» **Prompt**
From the records below, transcribe only the lines running from the one with "ケルト系フィドルバンド民族風[6分間]の未再生の波形" through the one with "Golden Gate Br?". Keep both of those end lines.

» **Records for this task**
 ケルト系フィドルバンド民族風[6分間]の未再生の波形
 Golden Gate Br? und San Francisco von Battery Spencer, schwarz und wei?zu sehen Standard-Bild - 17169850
---
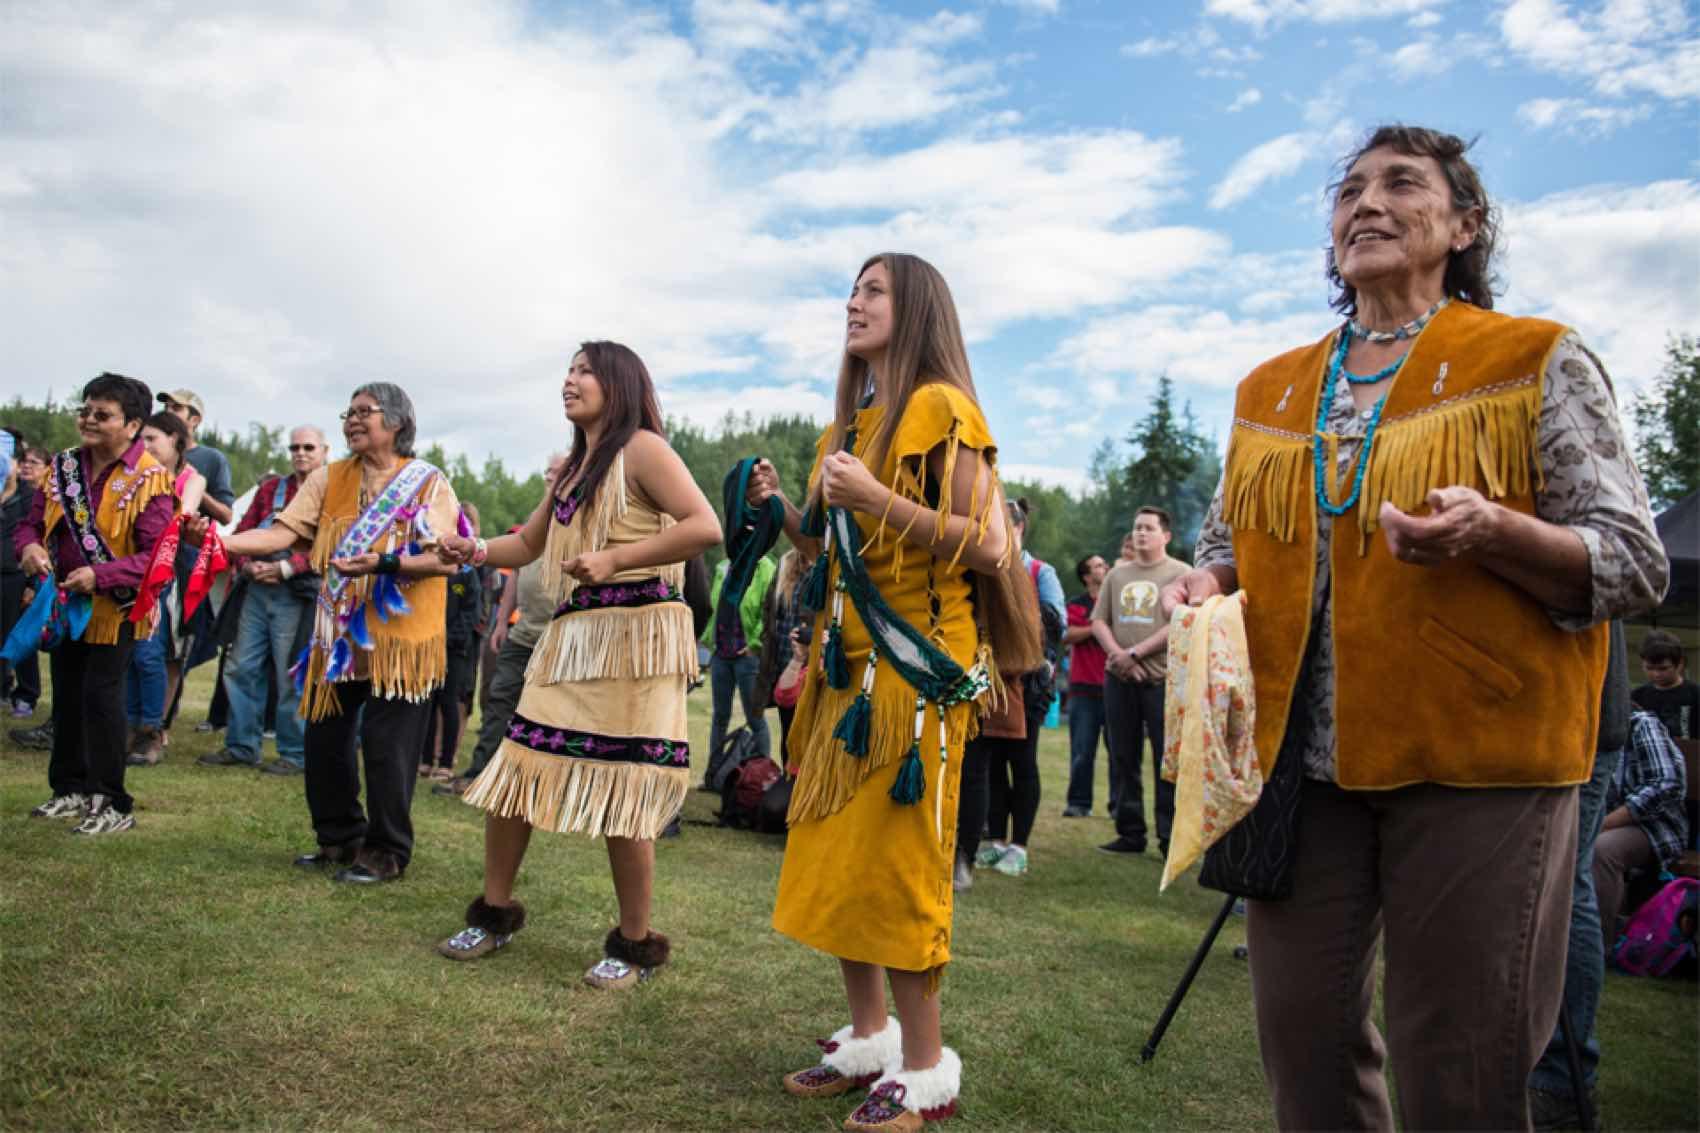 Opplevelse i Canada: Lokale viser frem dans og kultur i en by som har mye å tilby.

» **Your response**
 ケルト系フィドルバンド民族風[6分間]の未再生の波形
 Golden Gate Br? und San Francisco von Battery Spencer, schwarz und wei?zu sehen Standard-Bild - 17169850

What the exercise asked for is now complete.